- Born: 7 January 1944 (age 82)
- Education: PhD of Biological Sciences, Faculty of Science, University of Sarajevo, 1977

= Rifat Hadžiselimović =

Bosnian geneticist

Rifat Hadžiselimović is a Bosnian geneticist. He was born in Šiprage, Bosnia and Herzegovina on 7 January 1944. In 2013, with over 45 years of service, he was appointed Emeritus. He acts as scientific adviser in Institute for Genetic Engineering and Biotechnology, University of Sarajevo.

Rifat Hadžiselimović is the member of Academy of Sciences and Arts of Bosnia and Herzegovina since 2018.

==Education and Professional Career==
Rifat Hadžiselimović completed secondary education in Banja Luka after which in 1962 he enrolled at the Faculty of Natural Sciences and Mathematics in Sarajevo. He graduated as a Biology teacher in 1966 and completed his master's degree in Biology (Anthropology) in 1971 at the Faculty of Science and Mathematics, University of Zagreb, Croatia.

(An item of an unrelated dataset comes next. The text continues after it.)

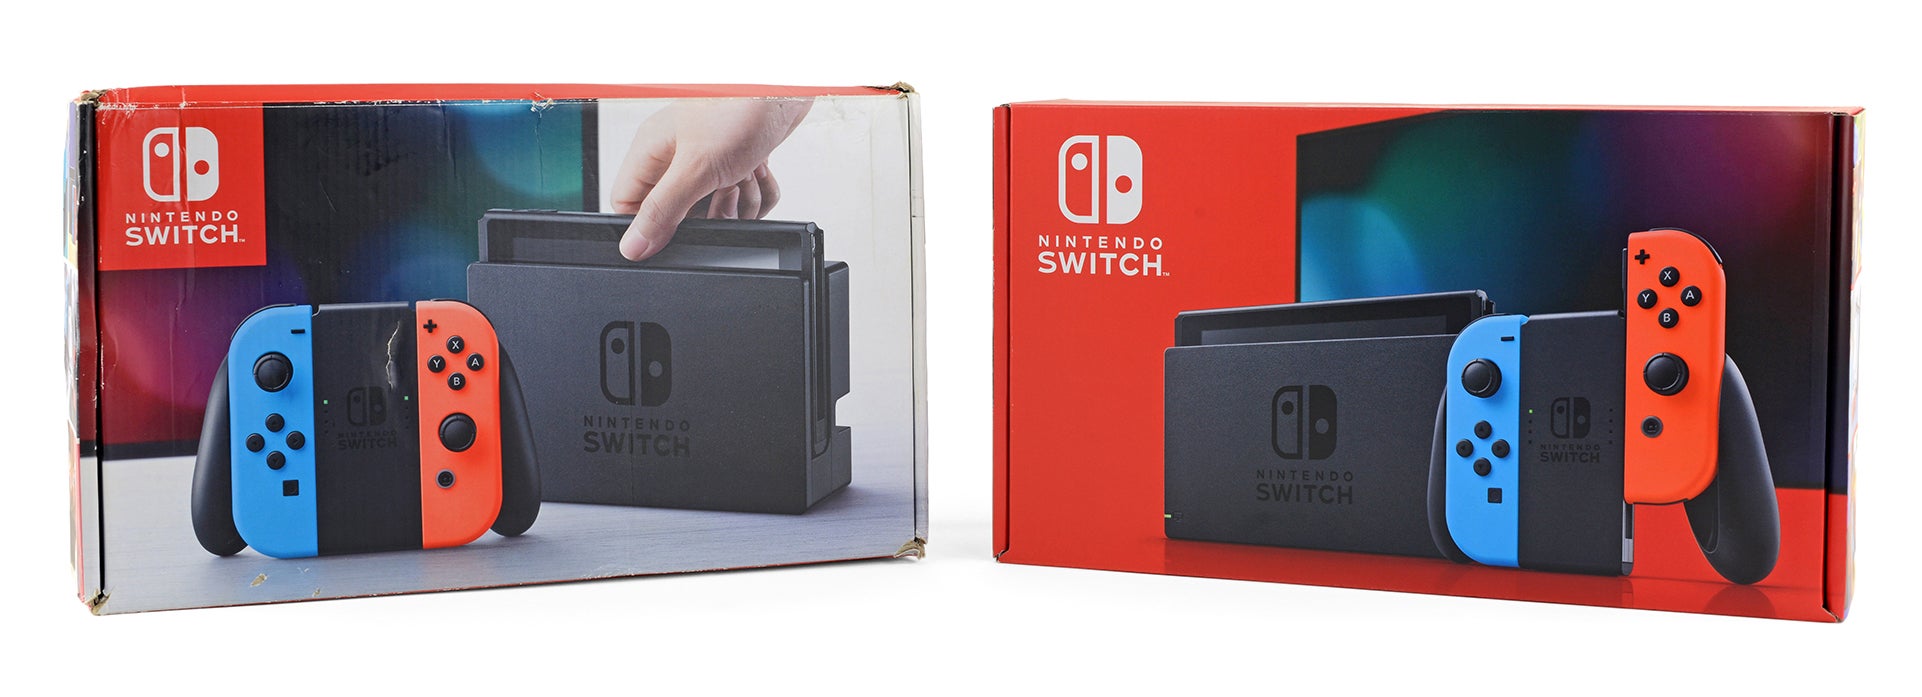 Nintendo switch v. Nintendo Switch 2. Нинтендо свитч 2017. Коробка Нинтендо свитч 2. Nintendo Switch v1.

His Master thesis was entitled "Historical aspect of the change of relative frequency of two allelogens in human populations". He completed his PhD in biology in 1976 at the Faculty of Science, University of Sarajevo on the subject of "The Genetics of ABH antigens secretion in the population of Bosnia and Herzegovina".

Since 1966 he has been employed by the Faculty of Science, University of Sarajevo, first as an Assistant Lecturer (1966-1977), then as an Assistant Professor (1977), Associate Professor (1980) and the Professor (1984) on subjects: Human Genetics, Genetic Engineering and Biotechnology, Molecular Biology, Evolution, Bioanthropology, and Biomedicine.

He was as an active member of the Anthropological Society of Yugoslavia and was a co-founder and member of the Association of Genetics in Bosnia and Herzegovina.
From 1984 – 1986 he also served as the Head of the Department of Biology. From 1994 - 2003 he was engaged in the development of the "Postgraduate study of biological sciences" where he was the head of the programme, and from 2007 was the head of the as the "Genetics" field of the programme.

In the period from 1987 to 2001, he was the Director of the Institute of Genetic Engineering and Biotechnology (INGEB), and from 2001 he was the Project Coordinator of the DNA Project which was developed in cooperation with the International Commission on Missing Persons (ICMP). He was also engaged as the Scientific Advisor of the institute (INGEB), and from 2006 to 2012 was appointed a chair of the Board of Directors of the institute.